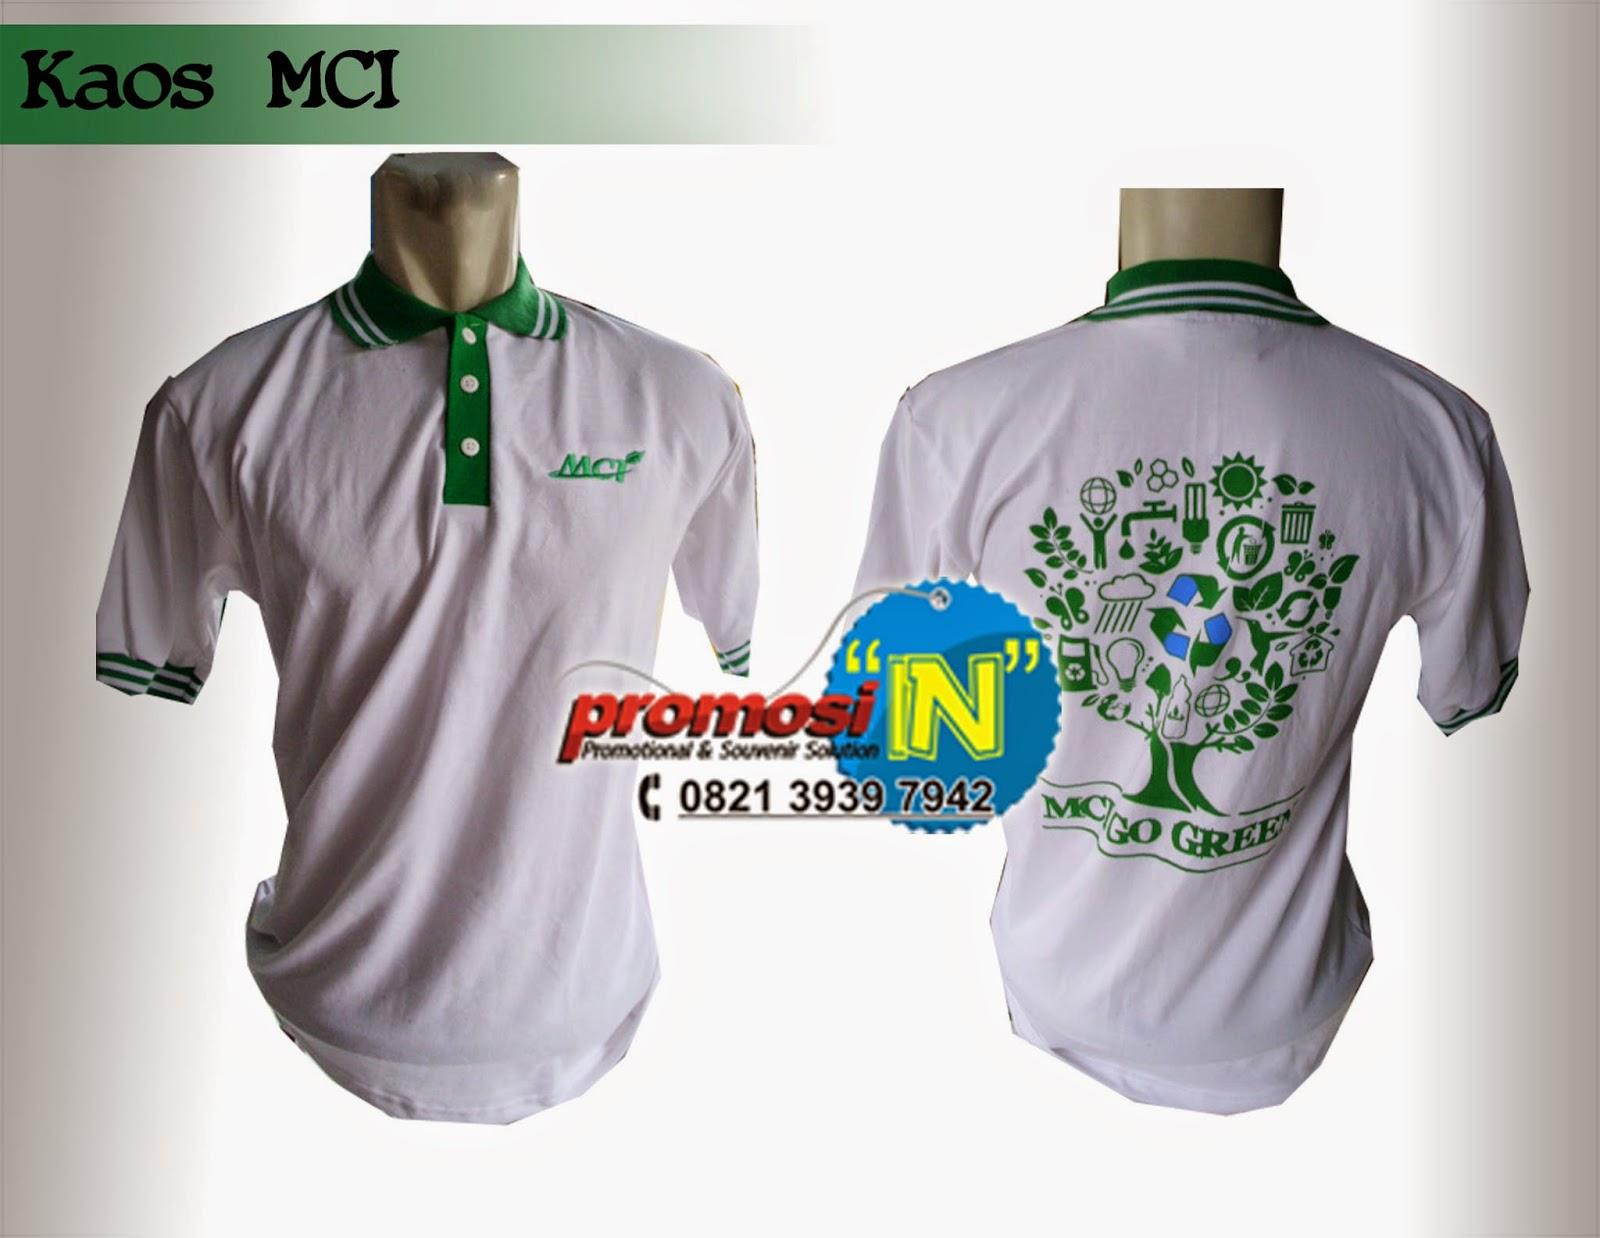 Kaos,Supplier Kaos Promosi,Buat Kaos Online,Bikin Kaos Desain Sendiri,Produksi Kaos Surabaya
# # # # #
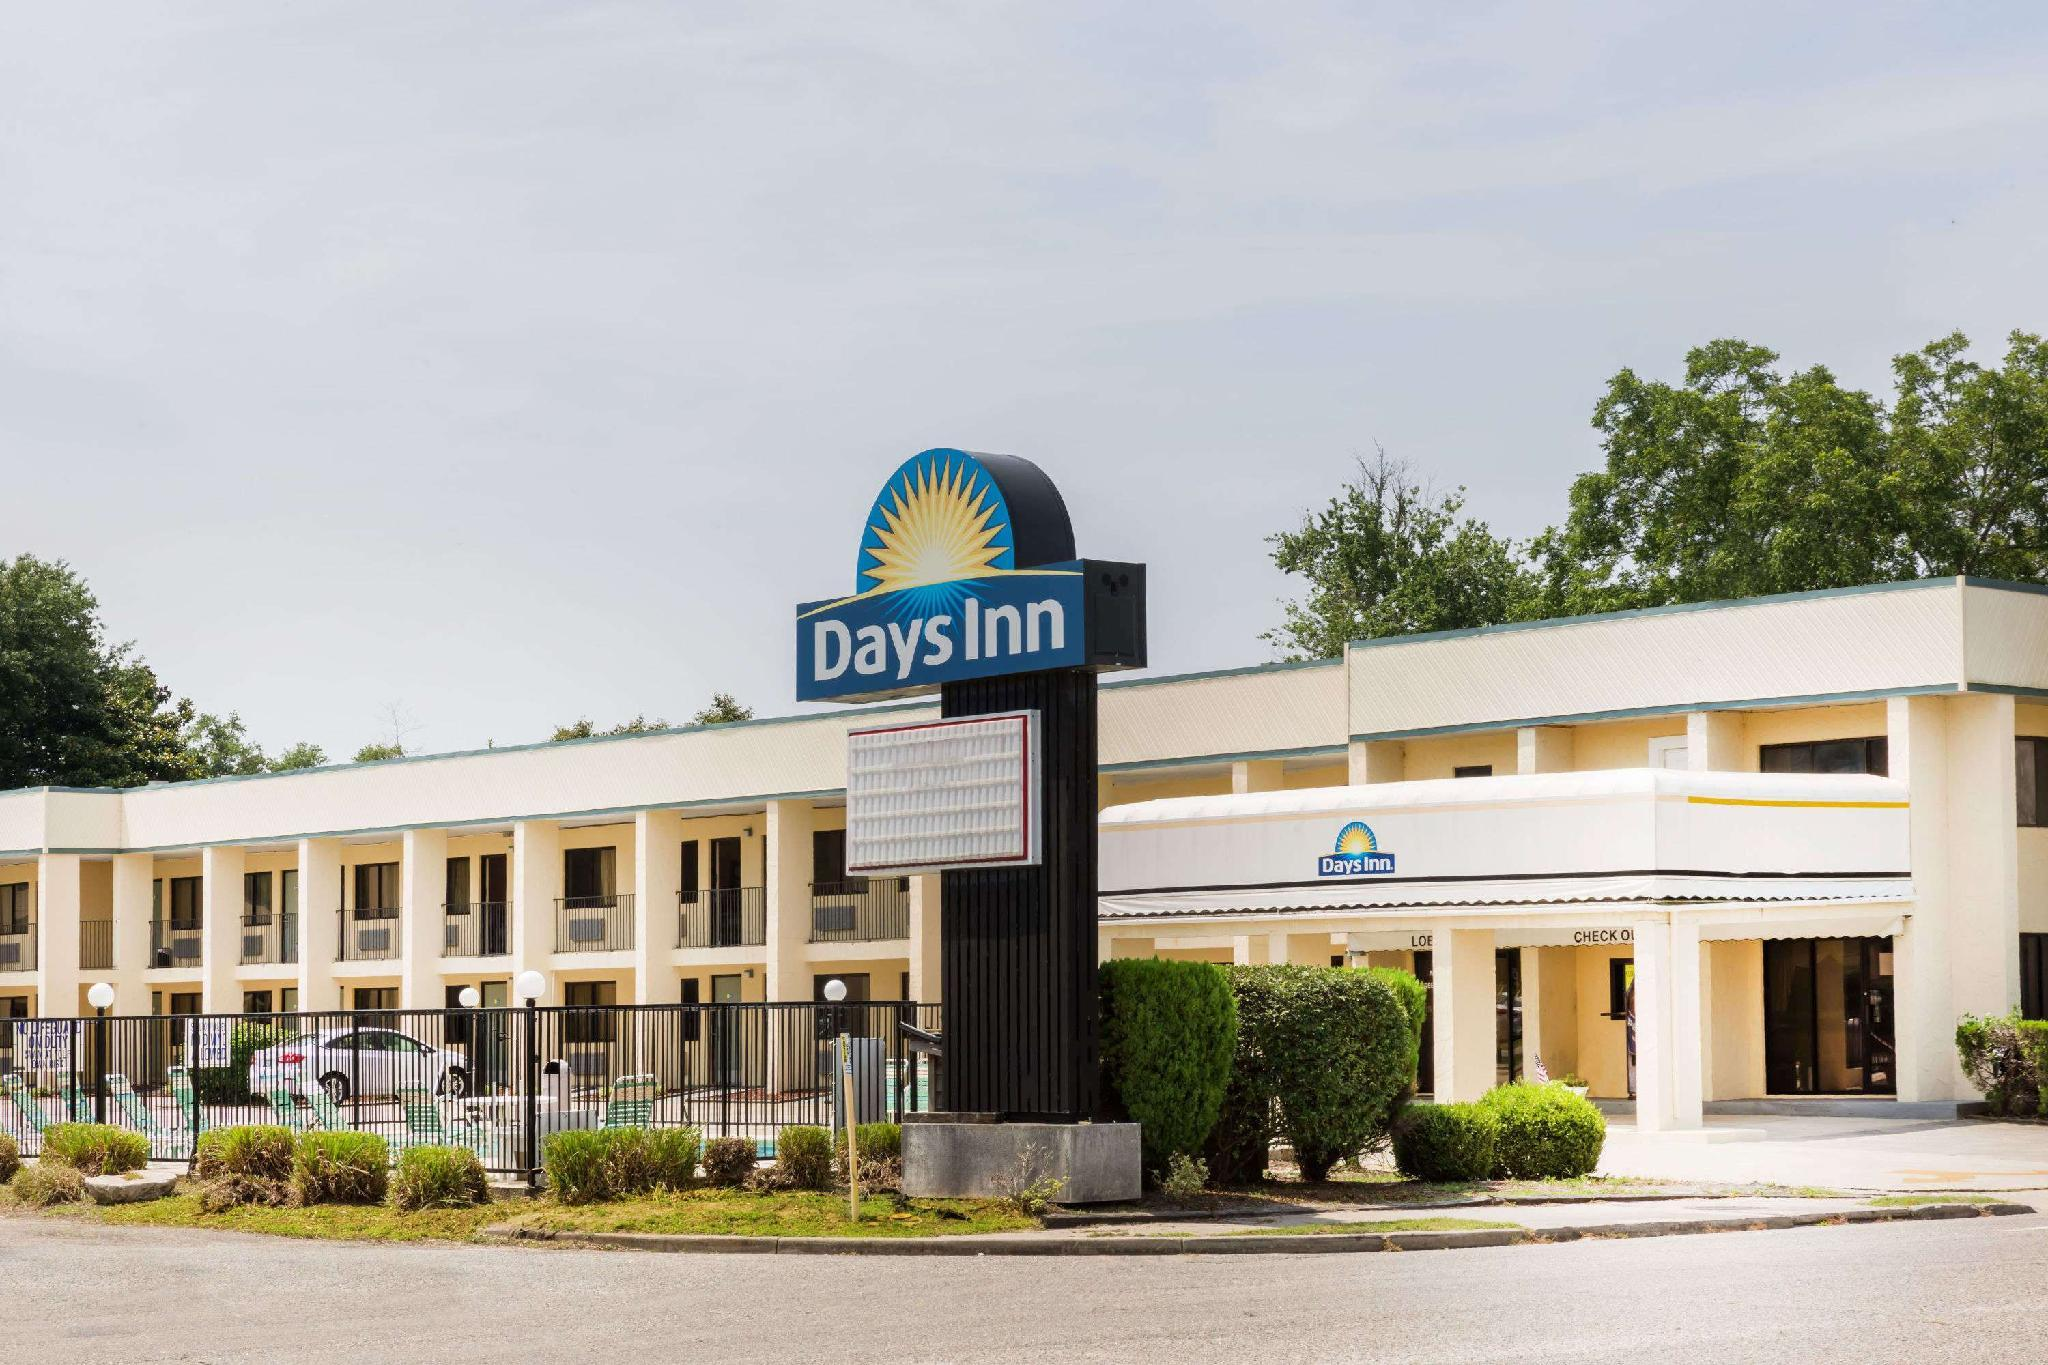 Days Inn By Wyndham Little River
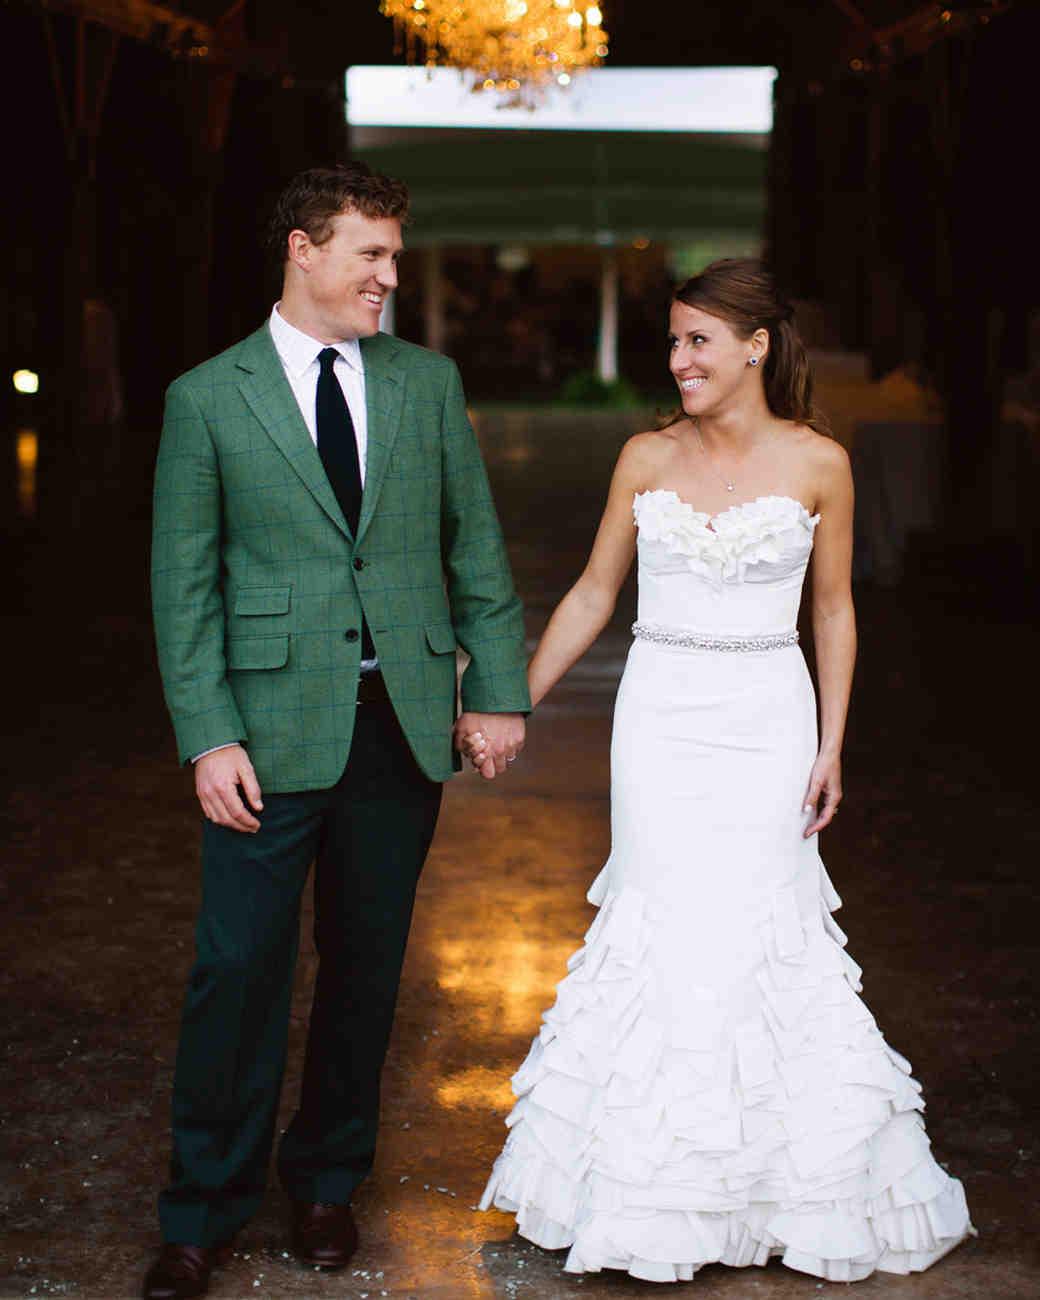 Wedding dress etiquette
# # # # #
§ Your goal: Look above for the line with "Days Inn By Wyndham Little River" and the line with "Wedding dress etiquette". Give again exactly those two lines and all lines between them, pictures excluded.

§ Result:
 Days Inn By Wyndham Little River
 Wedding dress etiquette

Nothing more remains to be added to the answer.